When you experience loss you may feel sad or angry and wonder if you will ever be happy again. These feelings characterize grief---a normal response to loss. Grieving varies from person to person, both in the way it manifests and in the length of time it takes to process. Elisabeth Kubler-Ross, a psychiatrist, proposed five stages many people experience while working through grief. However, according to the Oregon Health & Science University, it is not necessary to experience all of these stages or to experience them in order as you work through the grieving process.
Denial
Denial begins either immediately following loss or immediately preceding loss when it becomes clear that the loss will occur. Finding it difficult to cope with the loss and wanting things to remain unchanged, you enter a period of disbelief. In this stage you convince even yourself that the loss is not happening.
Anger
Once you accept the loss as inevitable, you may naturally start to feel angry. Feeling that the loss is not fair or that something more could have been done to prevent the loss, you may feel angry toward the person you feel is responsible for causing your grief, or you may be angry at the world in general.
Bargaining
When you acknowledge the loss and do not feel anger, you may begin attempting to make deals.

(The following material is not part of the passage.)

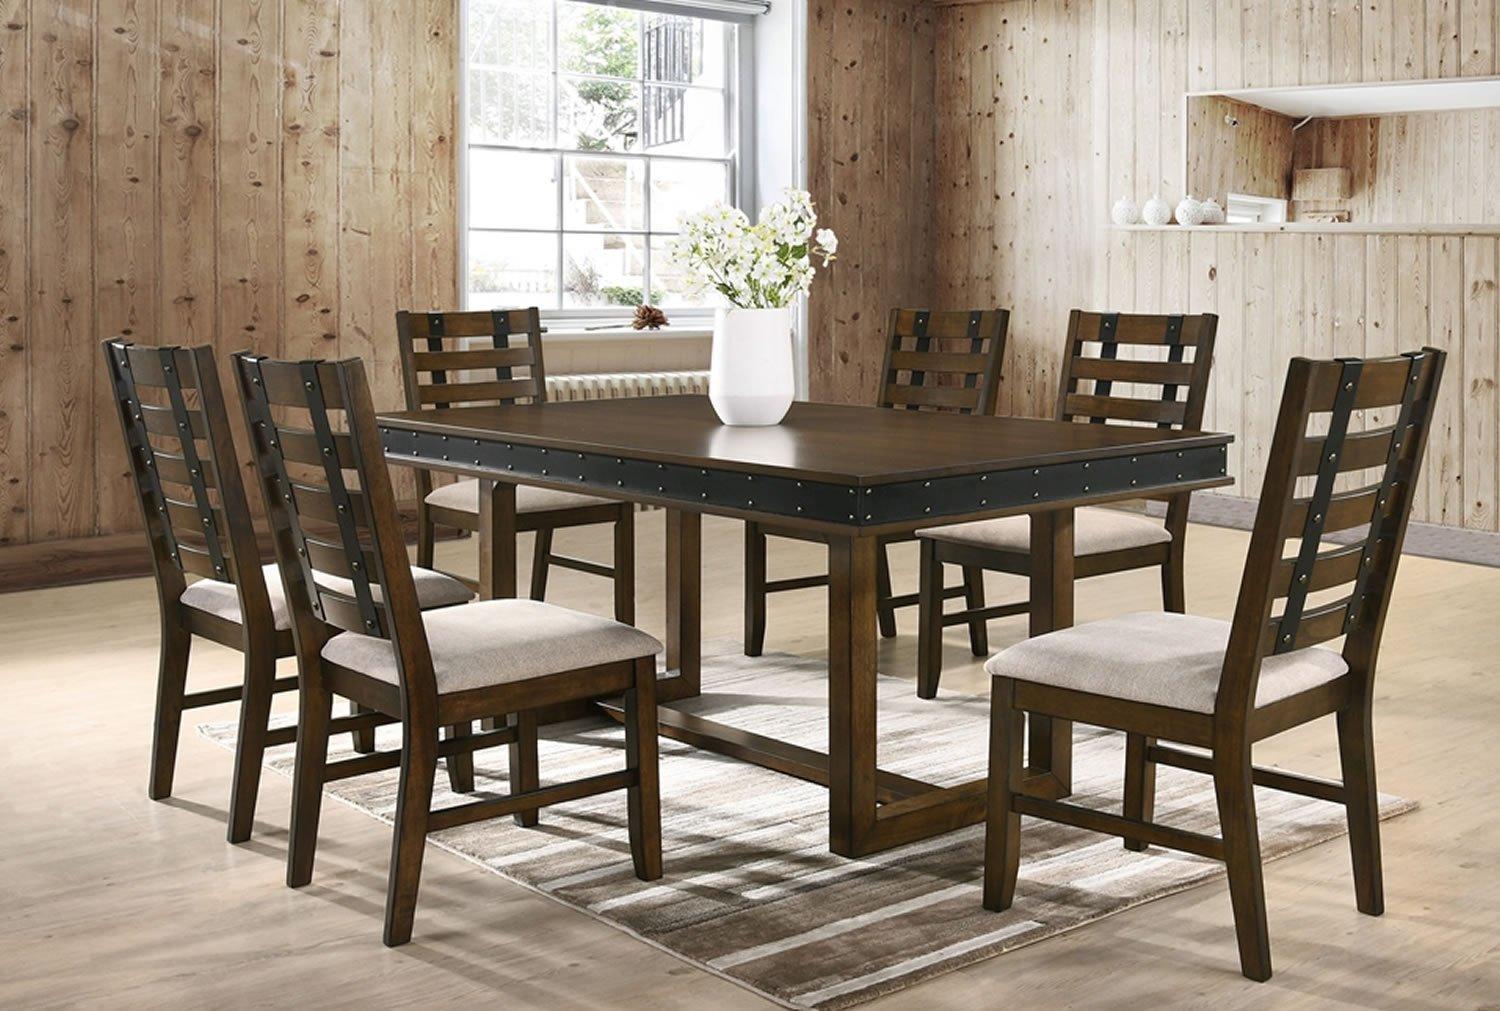 Traditional Dining Sets D8005 DINING SET D8005 DINING SET-7 in Brown, Beige Fabric

In order to remedy the loss or make it better, you may try to make a deal with God or with whoever you think has the power to influence the loss.
Depression
Moving through previous stages of grief often proves emotionally draining. You may soon be left tired, weak and sad. During this phase you may feel numb, as if the worst has happened and you will no longer allow yourself to feel and possibly be hurt again. You may also experience physical symptoms of depression, such as a changes in your sleep pattern or appetite. Extra care should be taken during this phase. Depression, even as a natural phase in the grieving process, has the possibility to become severe and may result in thoughts of suicide. If you have thoughts of self-harm or suicide, seek the help of a doctor or counselor immediately.
Acceptance
Acceptance may occur once feelings of sadness and anger have diminished. At this stage you may make adjustments to your life in response to the loss. Though you may still experience emotional responses to the loss, you can better cope with your feelings and are able to think of what you lost without such severe emotional reactions.